Data Cleaning and Corrections of Non-valid Values

Error 1: age < 0

The age variable contained implausible values (e.g. -99). These inconsistent rows were removed.

Error 2: income as characters

Income values that were placed as written values (e.g. “four hundred”) were exchanged to their numerical counterpart (e.g. “four hundred” becomes “400”), then the income variable was changed to numeric.

Error 3: Inconsistent smoke and quit for mothers

Some mothers marked as “never smoked” (smoke = 0) had quit = 1. These inconsistent rows were removed.

Error 4: Impossible sex = -1 values

Some were marked as sex = -1. These inconsistent rows were removed.

Cleaned data

Table 2: First three households in the cleaned data
ID time weight single_parent under_14 over_14 sex age_mother income_mother income_father smoke_mother quit_mother
1 birthweight 2730 Single 1 0 Female 24 400 400 No NA
1 weight_year1 8512 Single 1 0 Female 24 400 400 No NA
1 weight_year3 13378 Single 1 0 Female 24 400 400 No NA
2 birthweight 3669 Single 1 0 Male 31 800 1200 No NA
2 weight_year1 11156 Single 1 0 Male 31 800 1200 No NA
2 weight_year3 16757 Single 1 0 Male 31 800 1200 No NA
3 birthweight 3438 Single 1 0 Female 32 400 800 No NA
3 weight_year1 10322 Single 1 0 Female 32 400 800 No NA
3 weight_year3 13683 Single 1 0 Female 32 400 800 No NA

The cleaned data is presented in Table 2. To structure the data in this format tidyr::pivot_wider() was first used to reshape the dataframe so there was a single row per household.
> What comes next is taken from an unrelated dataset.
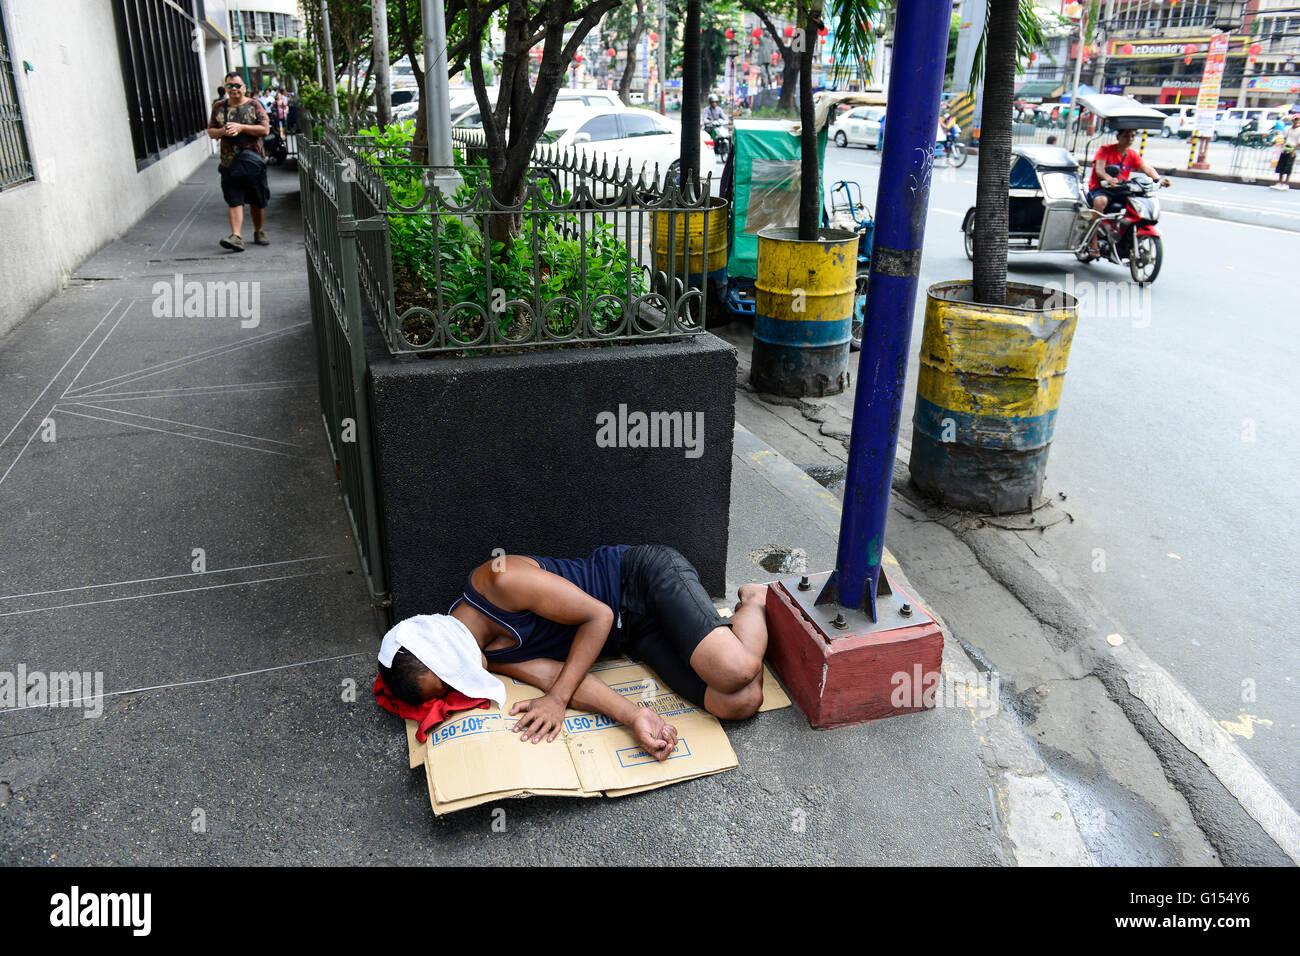 PHILIPPINES, Manila, China Town, sleeping homeless people / PHILIPPINEN, Manila, Chinatown, schlafende Obdachlose - Stock Image

Then families with non-valid data were removed. Then the dataframe was restructured into long format with the function tidyr::pivot_longer() and the variables reflecting father’s age and smoking status were removed.

The cleaned data has 5874 rows of data from 1958 family units. Thus, a total of 38 families were removed due to non-valid data.

New Variables

In this section the following three new variables were created:

Mother’s Smoking Status

Table 3: Mother’s recoded smoking status in the cleaned data
Smoking status Frequency
Never 1618
Former 97
Current 218
NA 25
Sum 1958

Frequency counts for each category of the derived variable reflecting mother’s smoking status is shown in Table 3. There were 315 (16.1%) mothers who reported having ever smoked tobacco, of these, 97 mothers reported that they did not smoke during their pregnancy. The 25 (1.2%) mothers who responded “Prefer not to say” to this question were coded to NA values.

Household income

Equivalised income is a common measure of household income that takes account of the differences in a household’s size and composition. A derived variable called ehi (Equivalised household income) was created using the following transformation:

\(\text{Equivalised household income} = \frac{\text{Total household income}}{\text{Household size factor}}\)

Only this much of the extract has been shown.